▶ EXERCISE AIM
None of the pictures should be copied, though every line of the listing must be printed exactly.

=== DATA SECTION ===

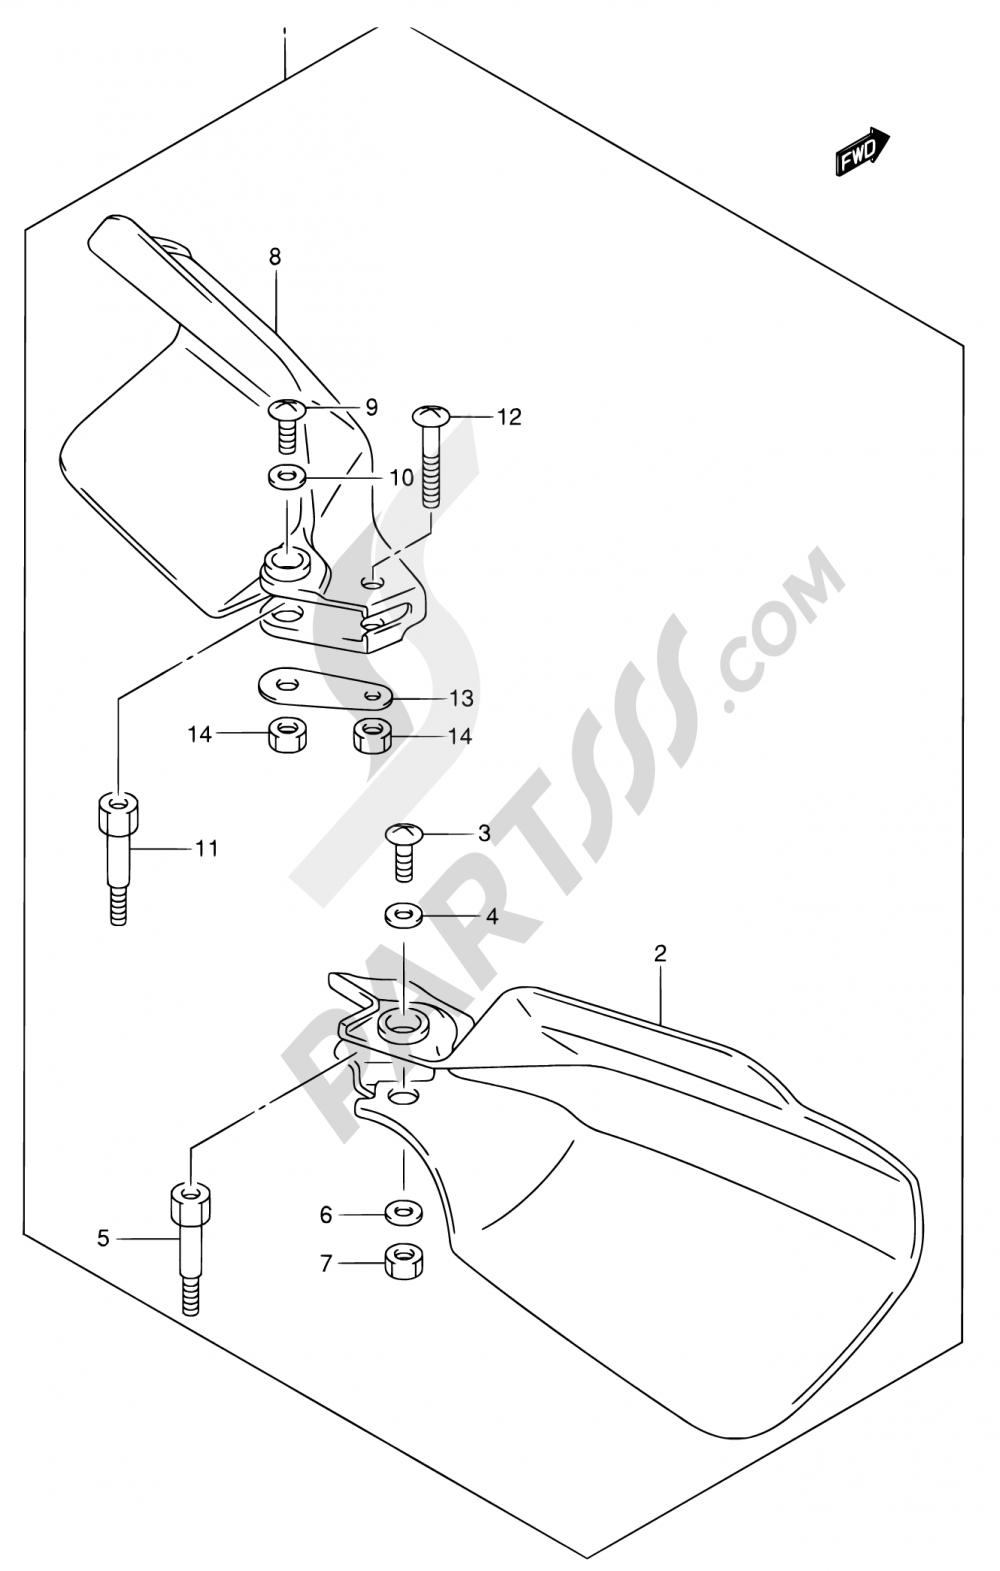 45C - KNUCKLE COVER (DR-Z400EK1/EK2/EK3/EK4 E24 OPT) Suzuki DR-Z400 2013
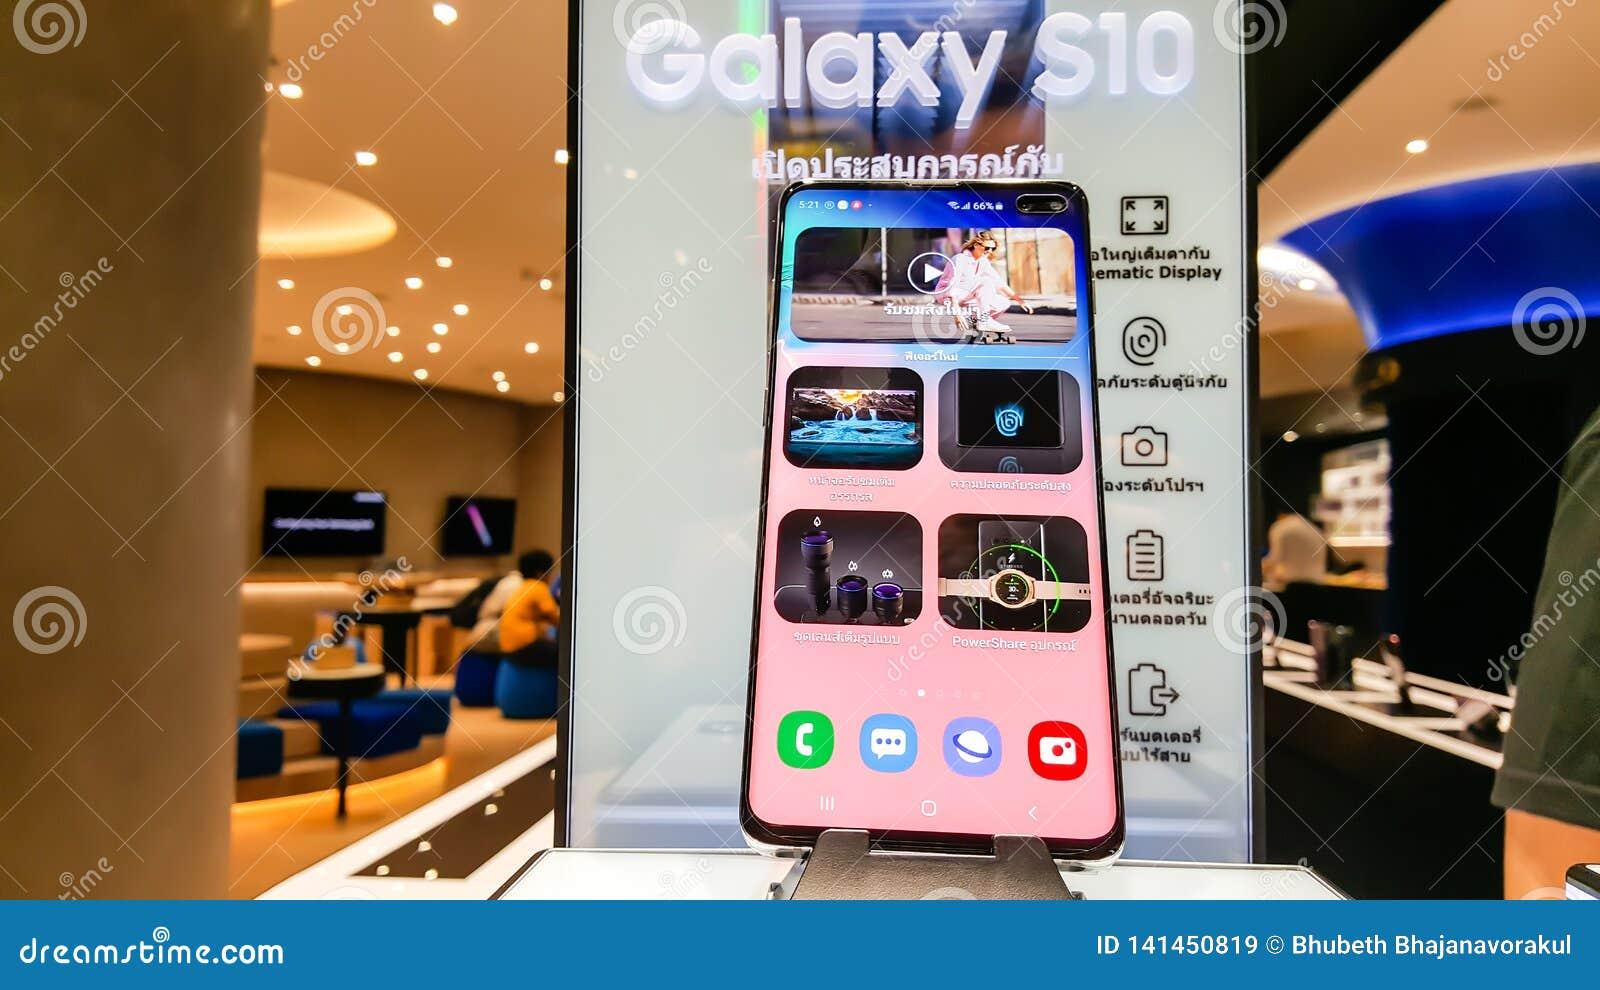 Galaxy Auto Mall >> Bangkok Thailand February 22 2019 Samsung Galaxy S10
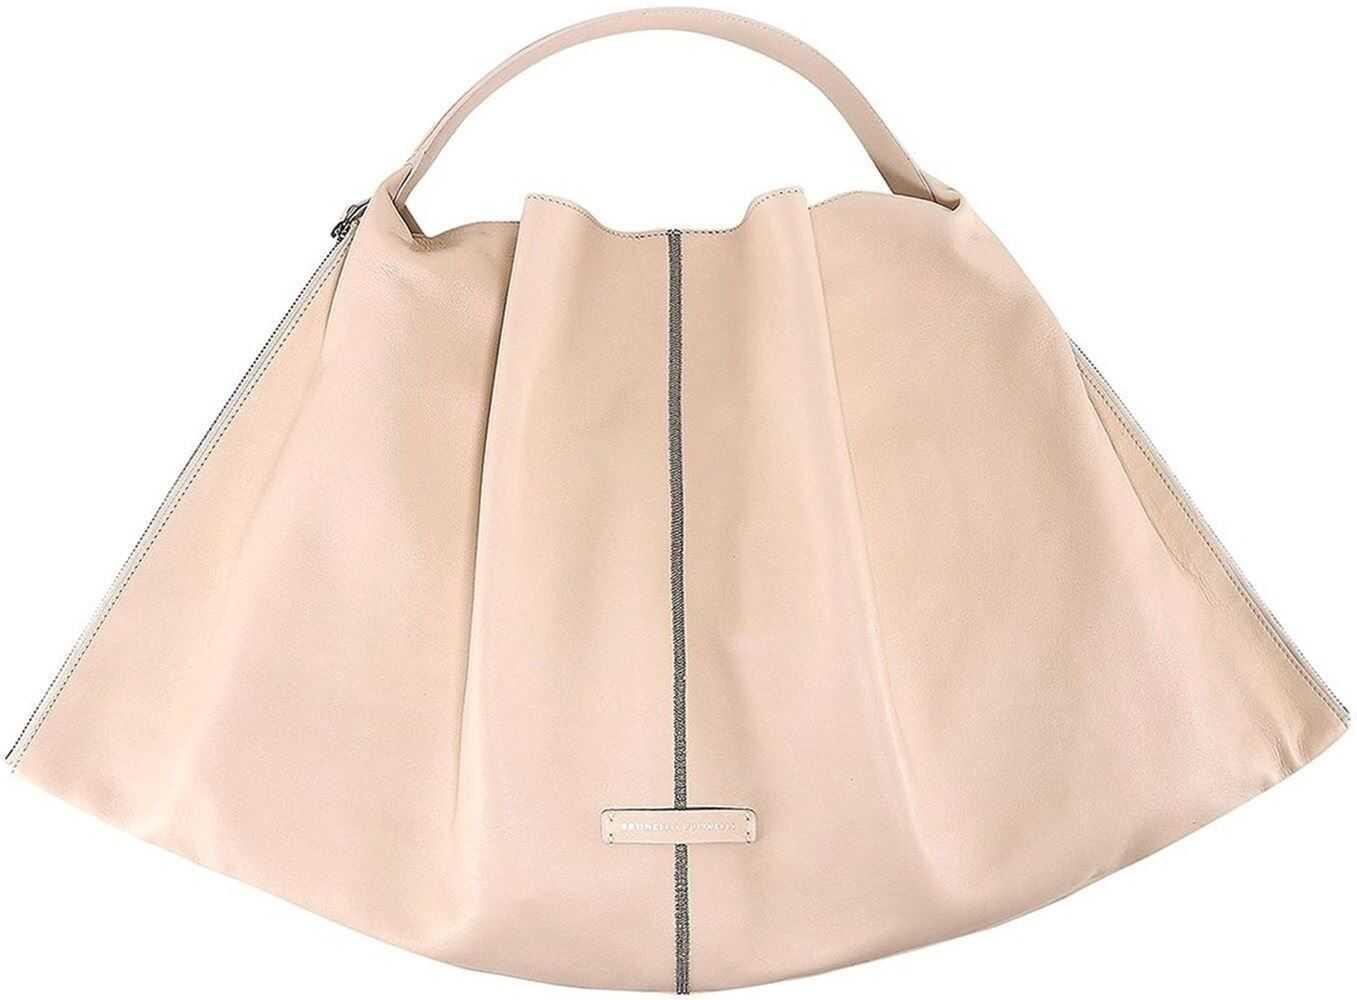 Brunello Cucinelli Pleated Leather Tote Bag In Beige MBBGD2257C7831 Beige imagine b-mall.ro

===

▶ EXERCISE SOLUTION
 45C - KNUCKLE COVER (DR-Z400EK1/EK2/EK3/EK4 E24 OPT) Suzuki DR-Z400 2013
 Galaxy Auto Mall >> Bangkok Thailand February 22 2019 Samsung Galaxy S10
 Brunello Cucinelli Pleated Leather Tote Bag In Beige MBBGD2257C7831 Beige imagine b-mall.ro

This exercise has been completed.